Two strangers, James Webb (Klaus Kinski) and Bud Collins (Fred Robsahn) arrive in Tombstone, a town ruled by the O’Hara brothers. The Mexican clan is scheming to buy up, or steal, all the land around Tombstone. They’re also killing sheriffs at a staggering rate.

Collins guns down three men in self defense and is black-mailed into being marshal by a judge who offers a long prison sentence as an alternative.

Soon, he has another reason to clean up Tombstone. The O’Hara clan kills his brother Peter, savagely beats Bud and gang rapes Peter’s Indian wife, Sarah, leaving them all for dead.

As soon as they recover, Collins and the Indian gal set out on the vengeance trail, determined to bring the O’Hara brothers to justice and prove that their saloon owning brother named Ramon is part of their scheme. Oh, and there’s a pretty dancehall girl named Conseula to try to rescue as well.

As for Webb, he watches the action unfold, with a six-gun hidden in several of his many books, all the while looking for a way to turn a profit.


Decent score, spotty plot. And a really strong tie to a film released in 1972 named “A Bounty Killer for Trinity” and directed by someone using the name Oskar Faradine.

How strong a tie? Well, the villains are the same. They wear the exact same clothing. Some of the scenes are lifted straight from one film and placed in the other, including a badman shooting from a barrel, a barroom fight, the kidnapping of a saloon girl and, most noteably, an explosion that blinds a key character.

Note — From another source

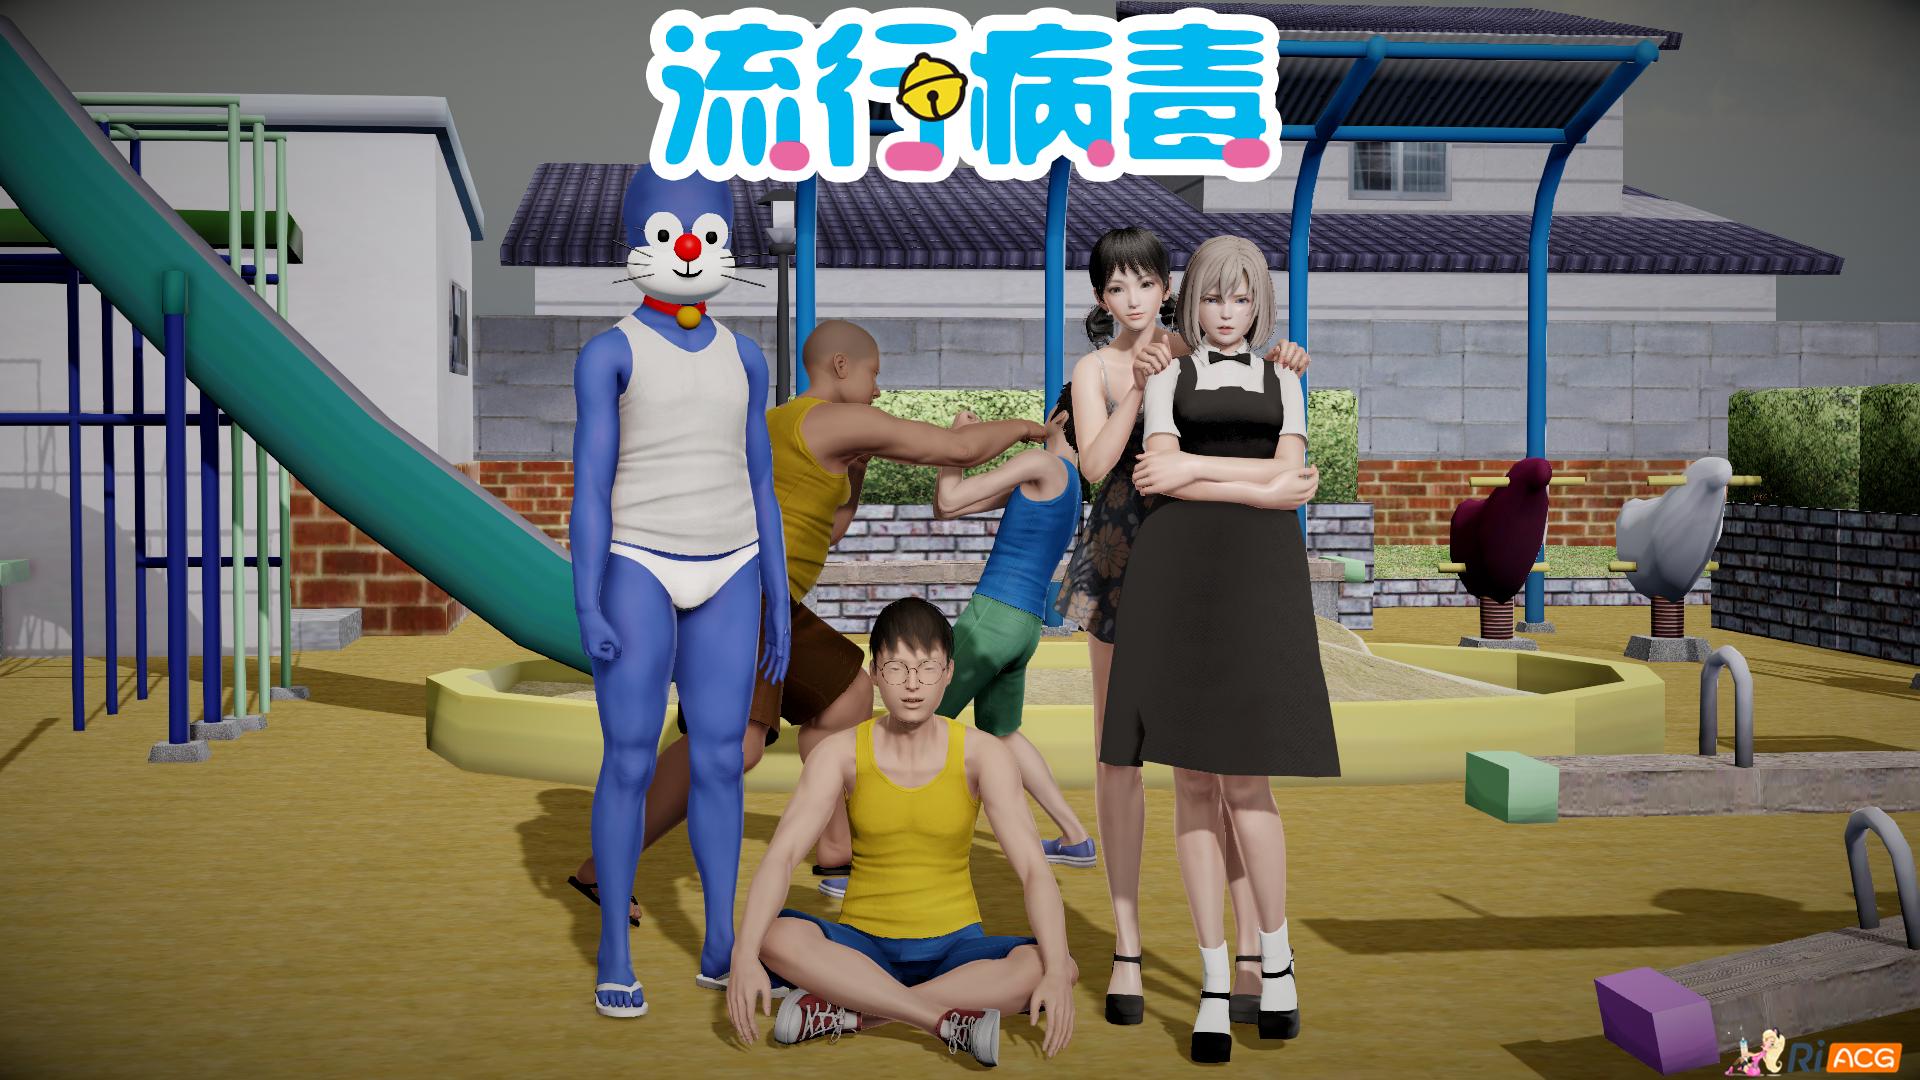 [3D国漫]bibibobibi的漫画合集[中文][度盘]

In this film, he’s blinded by a arrow with a stick of dynamite tied to it, shot by the Indian girl; in “Bounty Killer,” the dynamite is attached to an arrow fired by bounty hunter Jeff Cameron’s crossbow!

This is the marginally more entertaining of the two because we’re introduced to Peter and his Indian bride Sarah before the attack, which helps draw us into the story at least a little. And while Kinski’s character does little but walk around a hotel room and observe the action — for some reason hiding behind a red curtain much of the time — he is involved in a bit of a twist at the end.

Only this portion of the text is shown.